Item Complexity: A Neglected Psychometric Feature of Test Items?

Keynote Speaker

2021 Presidential Address

Despite its frequent consideration in test development, item complexity receives little attention in the psychometric modeling of item response data. In this address, I consider how variability in item complexity can be expected to emerge in the form of item characteristic curve (ICC) asymmetry, and how such effects may significantly influence applications of item response theory, especially those that assume interval level properties of the latent proficiency metric. One application is the score gain deceleration phenomenon often observed in vertical scaling contexts involving math or secondary language acquisition. It is demonstrated that the application of symmetric IRT models in the presence of complexity-induced positive ICC asymmetry is a likely cause.

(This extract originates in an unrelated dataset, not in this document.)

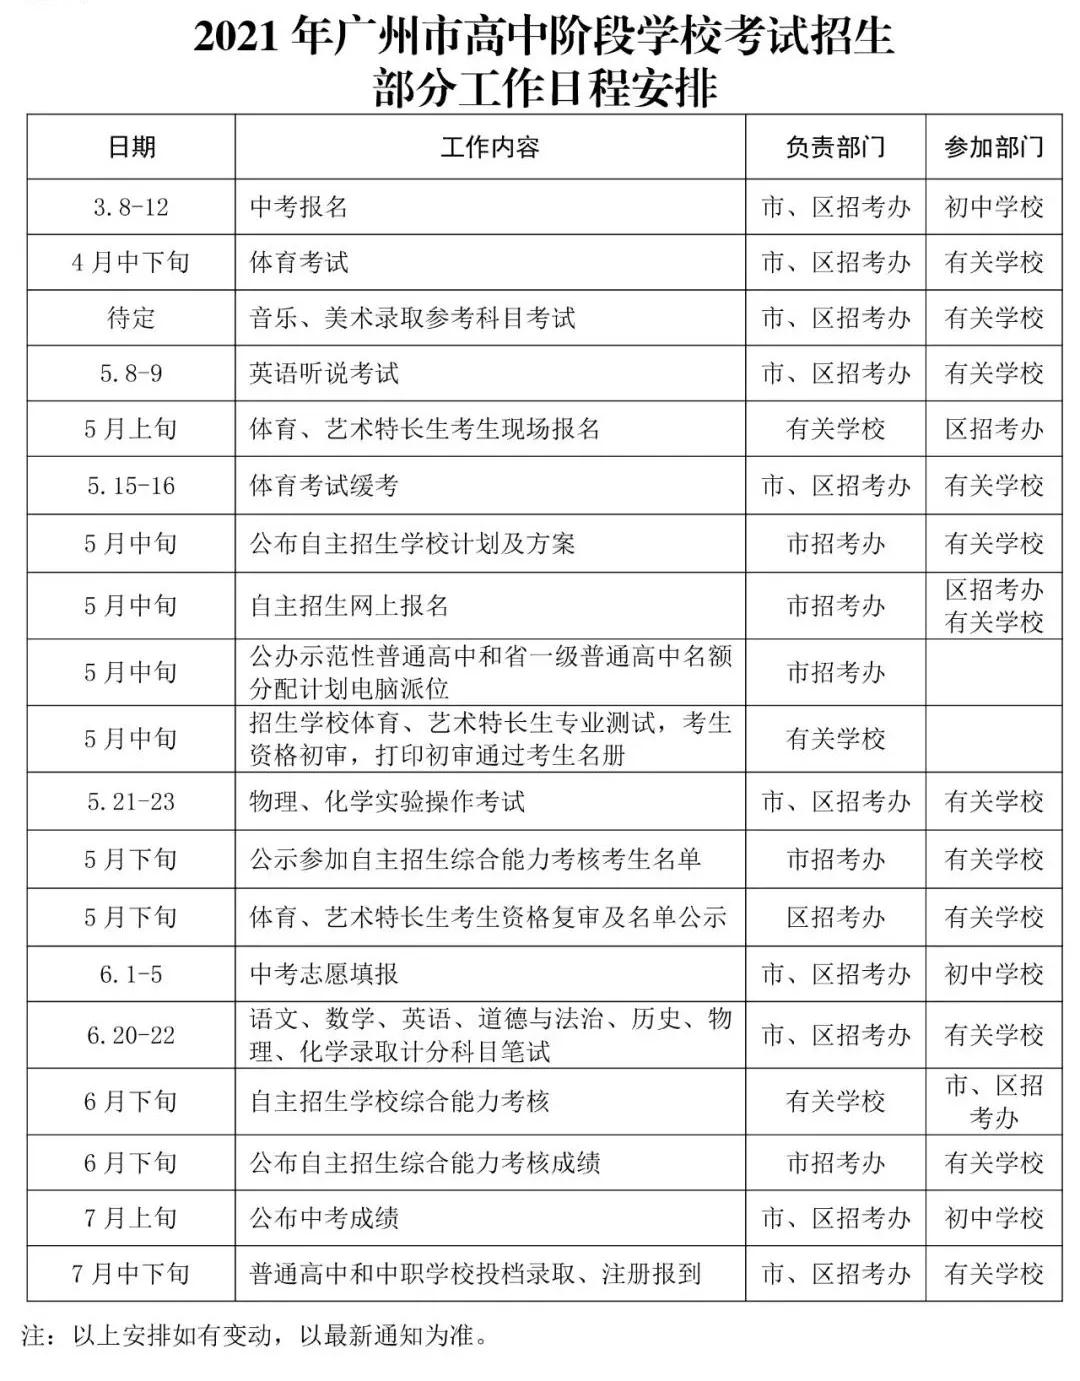 2021年广州市高中阶段学校考试招生日程表公布

A second application concerns the positive correlation between DIF and difficulty commonly seen in verbal proficiency (and other subject area) tests where problem-solving complexity is minimal and proficiency-related guessing effects are likely more pronounced. It is shown how systematic negative ICC asymmetry creates artificial positive correlations when applying either nonparametric (e.g., standardization) or parametric (IRT model based) methods when no DIF is actually present. Unfortunately, the presence of systematic forms of ICC asymmetry is easily missed due to the considerable flexibility afforded by latent trait metrics in IRT. Speculation is provided regarding other applications for which attending to ICC asymmetry may prove useful.